Leo que el gran barítono menorquín Juan Pons cumple setenta y cinco años, la edad de mi padre. Las décadas de los treinta y los cuarenta fueron pródigas para España en voces operísticas: Plácido Domingo y José Carreras, Teresa Berganza y Monserrat Caballé, Jaume Aragall, Vicente Sardinero y Juan Pons. Si alargáramos un poco más el arco temporal, podríamos incluir nombres como los de Alfredo Kraus y Victoria de los Ángeles, Pilar Lorengar y Pedro Lavirgen, por citar a unos pocos más. Cualquier similitud con nuestra época es mera coincidencia, como lo sería también en Italia o en Francia, si nos ciñéramos a otras potencias canoras, y hay que decir que los aficionados wagnerianos también lamentan carencias similares. La imagen prima sobre la voz y la voz sobre la elegancia o el gusto. Por otra parte, la música antigua disfruta de un momento de singular esplendor.

Juan Pons fue el mejor barítono verdiano de su generación, no sólo en España. Lo conocí a principios de los noventa, en una iglesia de Nueva Jersey, donde había sido invitado por un sacerdote también menorquín, Francesc Huguet, que trabajaba de misionero para la comunidad hispana que se afincaba cerca de Newark. Huguet le pidió que cantara en misa y así lo hizo, acompañado por el pianista del Met, Kamal Khan, y la soprano palmesana Fanny Marí, la cual por aquellos años estudiaba canto en la Juilliard School of Arts de Nueva York. Después de almorzar en el sótano de la parroquia –un estofado de pollo con frijoles–, el padre Huguet nos llevó de excursión por la región, terminando en Hoboken frente al skyline de Manhattan.
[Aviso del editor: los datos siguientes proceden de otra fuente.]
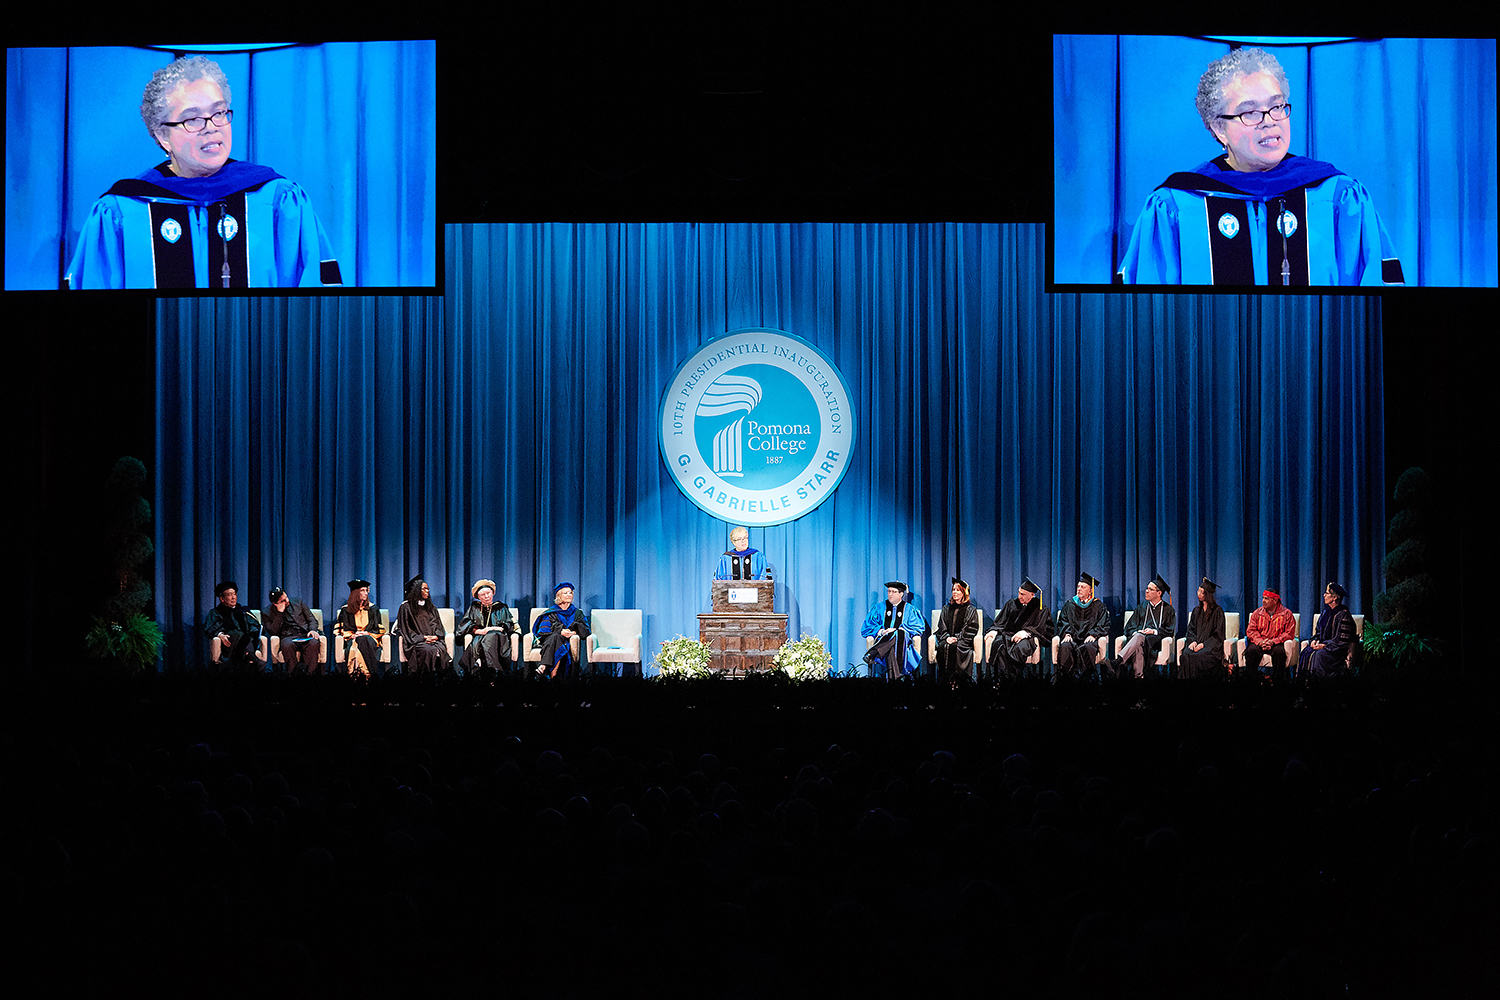 Inauguration of President G. Gabrielle Starr, October 14, 2017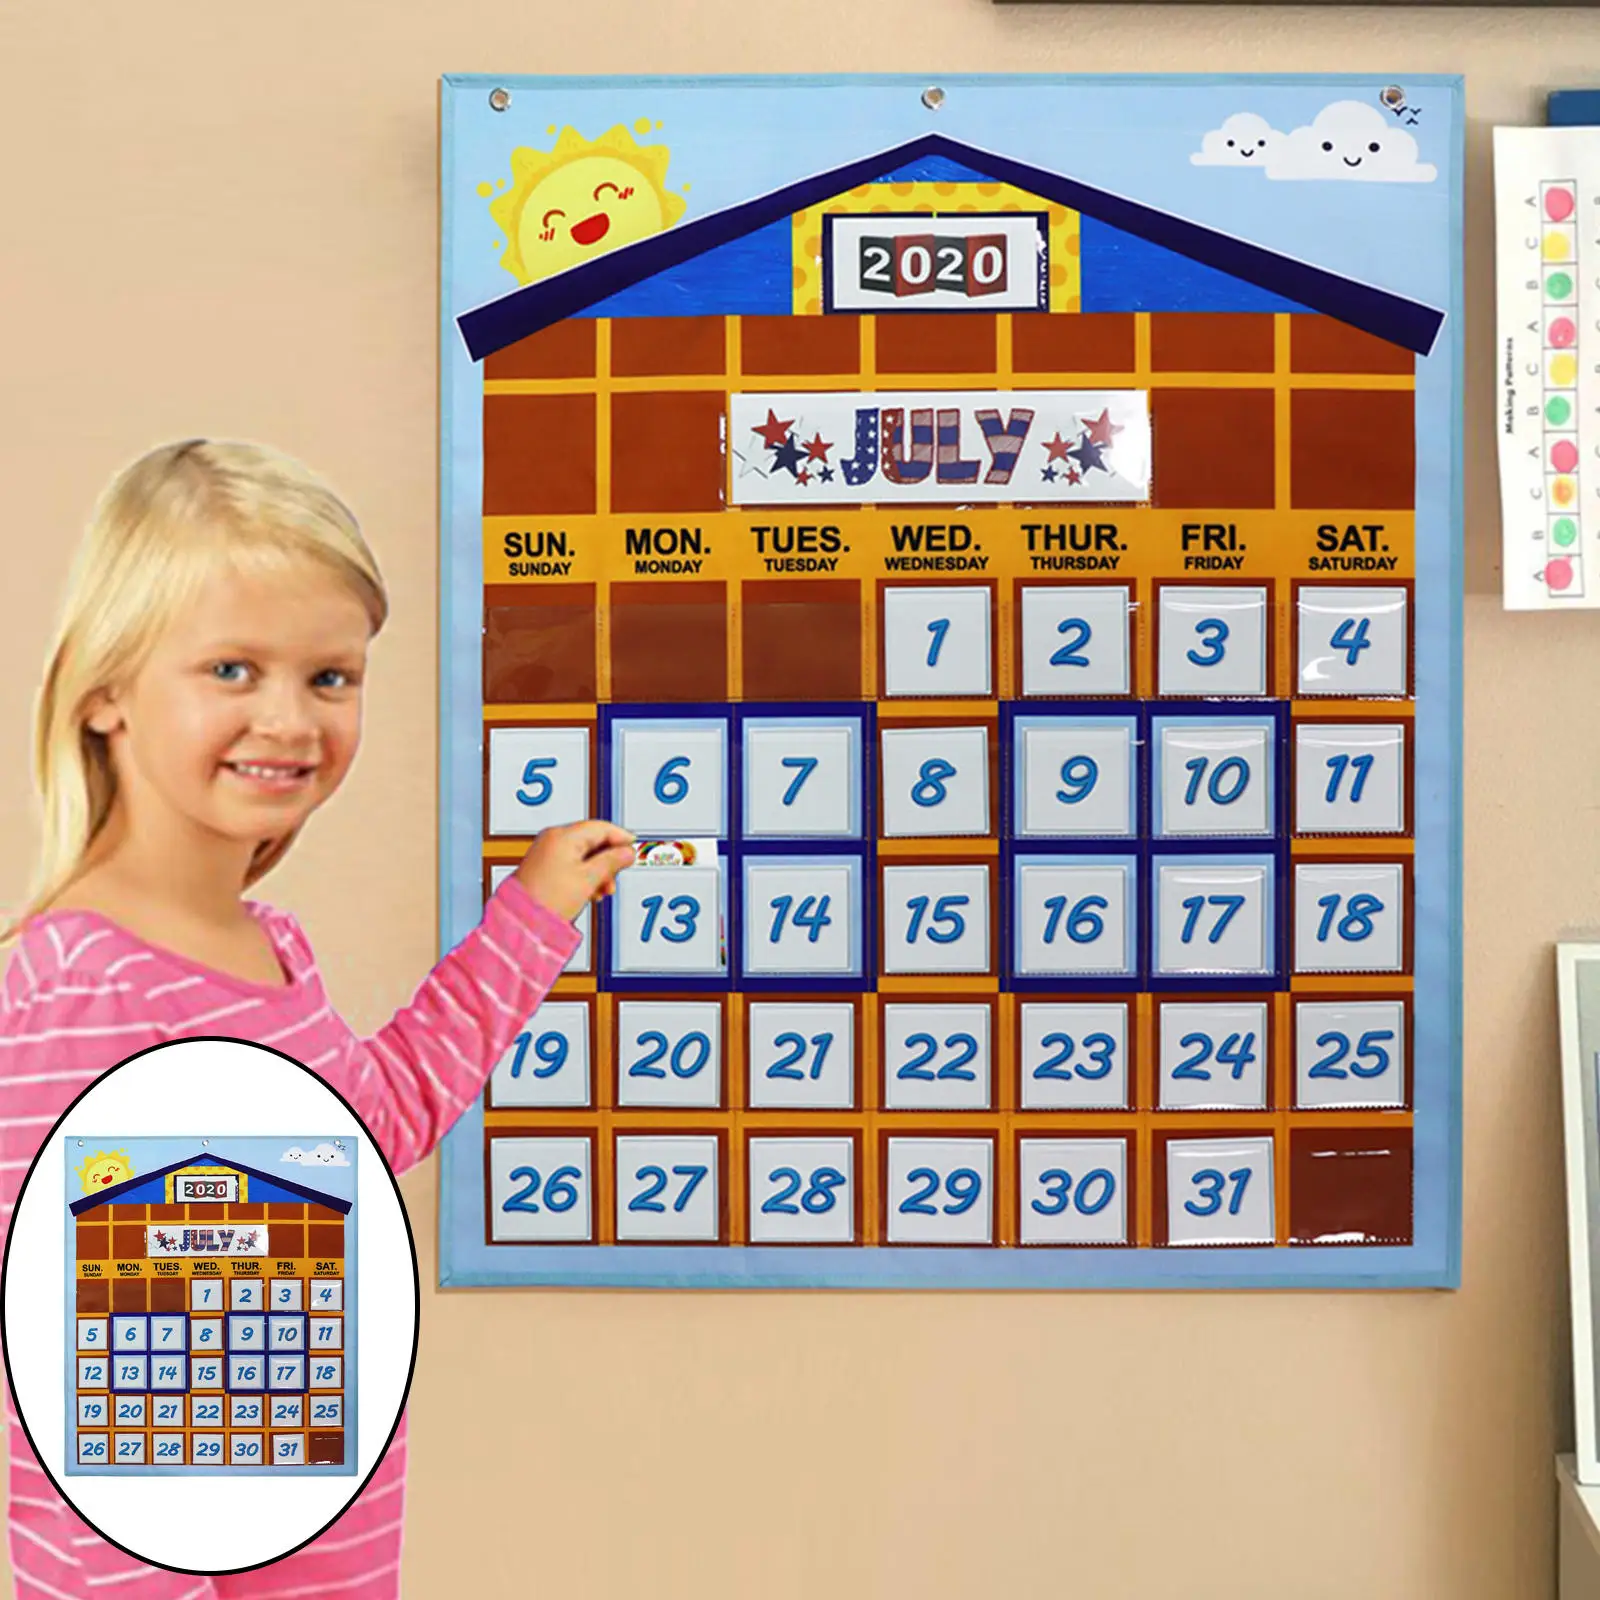 Monthly Wall Calendar Hanging Bag convenient Learning Tool Educational for Teaching Office

Dos o tres días más tarde, Juan Pons estrenaba la temporada operística anual del Metropolitan junto a Plácido Domingo –que protagonizaba Il tabarro, de Puccini– y Luciano Pavarotti –en Pagliacci, de Leoncavallo–; una velada que fue transmitida en directo por la televisión pública de Estados Unidos y que todavía hoy se encuentra fácilmente en Youtube. Creo que fue el momento de mayor prestigio internacional –indiscutido entonces– del barítono ciudadelano, cuyo canto (redondo y de gran belleza, dotado de una indudable humanidad) había despegado diez años antes, en 1980, con un Falstaff histórico en La Scala, que había trabajado musicalmente a conciencia con un director prodigioso –Lorin Maazel– y con el intendente del coliseo milanés, el maestro Siciliani. Falstaff fue uno de sus grandes roles, al igual que Scarpia de Tosca, Gérard de Andrea Chénier, Giorgio Germont de La Traviata –que le escuché aquella misma temporada en el Metropolitan– y Rigoletto. Su timbrada voz, con potentes graves naturales y la velada oscuridad característica de la escuela española, se beneficiaba de una dicción extraordinariamente nítida y acentuada, diáfana y dúctil.

Pons tuvo el acierto de saberse despedir de los escenarios cuando todavía se encontraba en plenitud de facultades. Nos dejó algunos registros fonográficos memorables –pienso ahora en el Falstaff que grabó con Muti y en el bellísimo Giorgio Germont de La Traviata con Pavarotti en 1992– y muchas veladas para el recuerdo; por ejemplo, junto a Monserrat Caballé que tanto le apoyó en los inicios de su carrera. Fue sobre todo un cantante noble y artesano, que traslucía una humanidad alejada de cualquier divismo. En este sentido, ha sido –y es– un artista ejemplar. Y el mejor barítono que ha dado nuestro país en el último medio siglo.